The blurb on the website also mentioned that this blend would provide an excellent base for blending with fruit in secondary.  At about the time I was brewing this beer, the local farmer's market had lots of tart and sweet cherries from Klug farms.  One rainy Saturday in early July I split a large box with a friend (she doesn't brew, but we both wanted to make cherry preserves as well), and froze what I had left in vacuum sealed bags.

For the brew itself, I decided to use Jamil Zainasheff's Oud Bruin recipe from Brewing Classic Styles.  The day went quite smoothly (although I missed by gravity by several points, a pattern I'm noticing on these higher gravity beers). In the end I elected to pitch in the mid-70s and let the beer free-rise into the 80s (which probably happened early in fermentation given the temperatures in my brew closet); I reasoned that I was going to add cherries anyway, which would increase the acidity, so there was less reason to maximize it from the start.

Today, about 2 and half weeks after pitching, I transferred the beer onto a 5-6 lb blend of tart and sweet cherries (remember, I do 3 gallon batches, so this is about 2lbs/gallon).  I had a fair bit left over, which I transferred to jugs with the intention of using it to dose some other beers (like the Keeping Porter I brewed last week) with the lactobacillus brevis.

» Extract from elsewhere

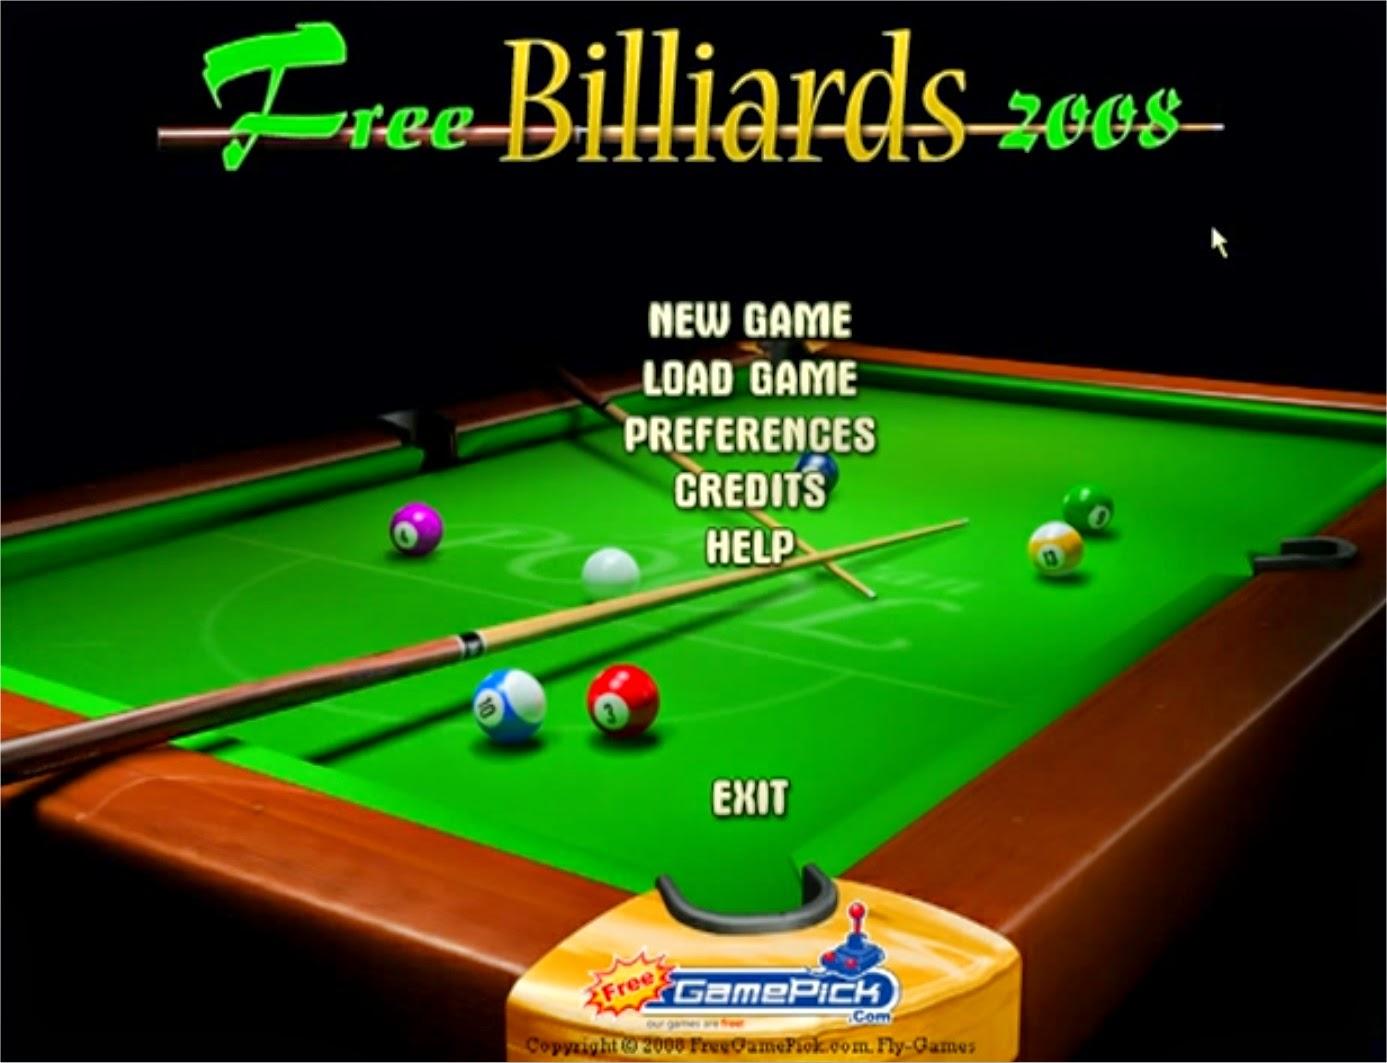 Free Billiards 2008 Logo

The beer was only at 1.019 (down from 1.062), with a pH of 3.81.  It tasted fairly sour, with some fruity sweetness behind it; fairly rough around the edges, which is unsurprising given how young it is. Since I haven't been tracking fermentation, I have no idea if its stuck or if its just slowed down.  It wouldn't surprise me if the yeast gave up because of the acidity and alcohol; perhaps the lactobacillus will continue to slowly lower the gravity, but I suspect it will also be inhibited by the rising alcohol levels.  This, presumably, is how the blend can produce a drinkable beer in 6-8 weeks.  My only concern is that since I didn't take any steps to treat the cherries beyond freezing and defrosting them, adding them might inoculate the beer with a wild yeast strain that will prolong fermentation.

As I transferred the beer onto the cherries I had second thoughts about adding them so early.  Usually I'd wait many months before adding fruit (in fact, at the same time as transferring this beer, I added 3lbs of peaches to the golden sour I brewed a few months ago).  My original thought was that since the blend was supposed to be done in two months anyway, there would be no harm in adding the cherries early as I transferred to secondary.  In fact, since there was no brettanomyces in the beer to take care of oxidation, it made sense to minimize the number of transfers by adding the cherries at this point.

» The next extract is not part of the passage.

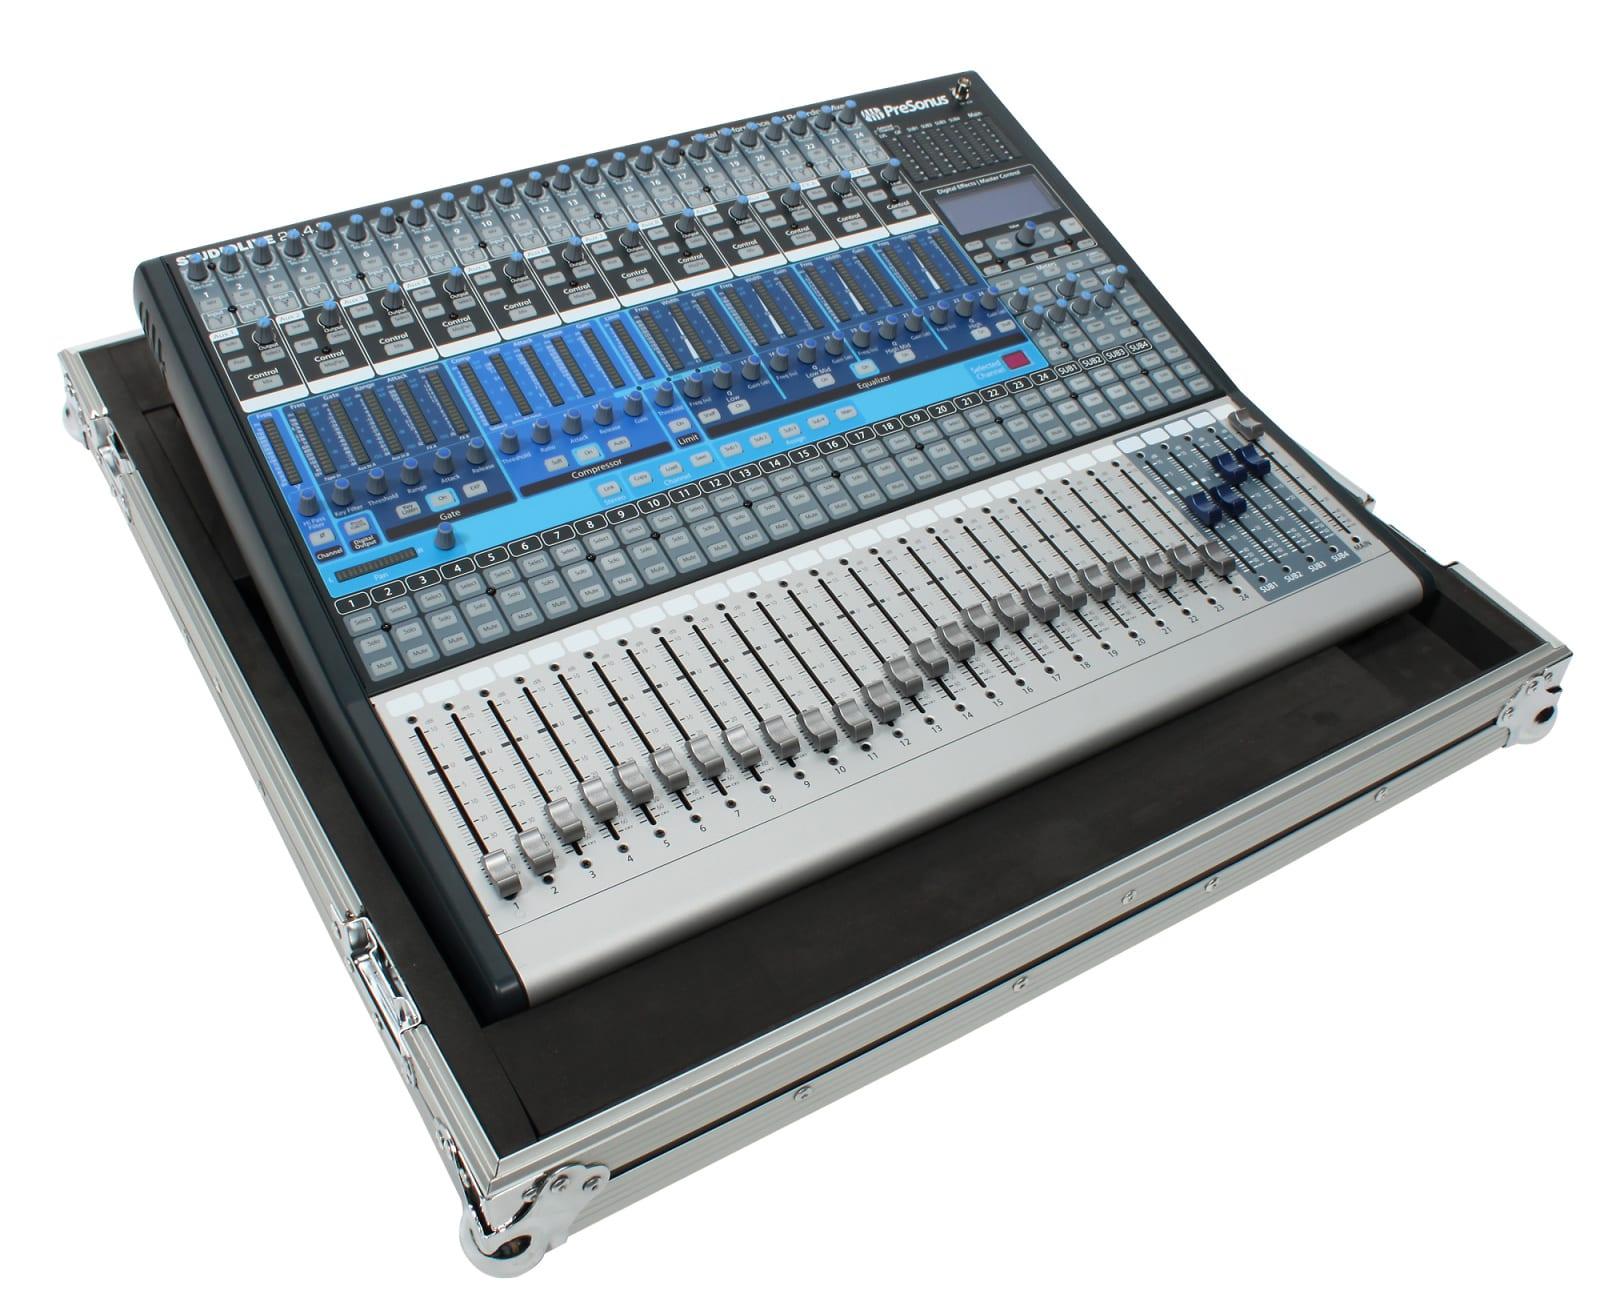 OSP PRE-2442-V2-ATA ATA Case for PreSonus Studio Live 2442 v2

I'll check on the beer again in two months or so, and that will give me a sense of whether I made the right call.  If the gravity is about the same after the cherries have been fermented out, I'll feel fine bottling it.  If its continued to drop, I'll be worried that primary fermentation was incomplete when I added them, or that the beer has picked up some brettanomyces from the fruit.  In that case I'll just have to let it sit for longer.

26/11/14: Tasting Notes.

1 comment:

  1. I haven't got round to bottling this yet---should do this weekend. Last time I checked, the gravity had continued to drop and the beer was sour but otherwise a bit one dimensional. I'll post another update in a few weeks once its bottled and carbonated.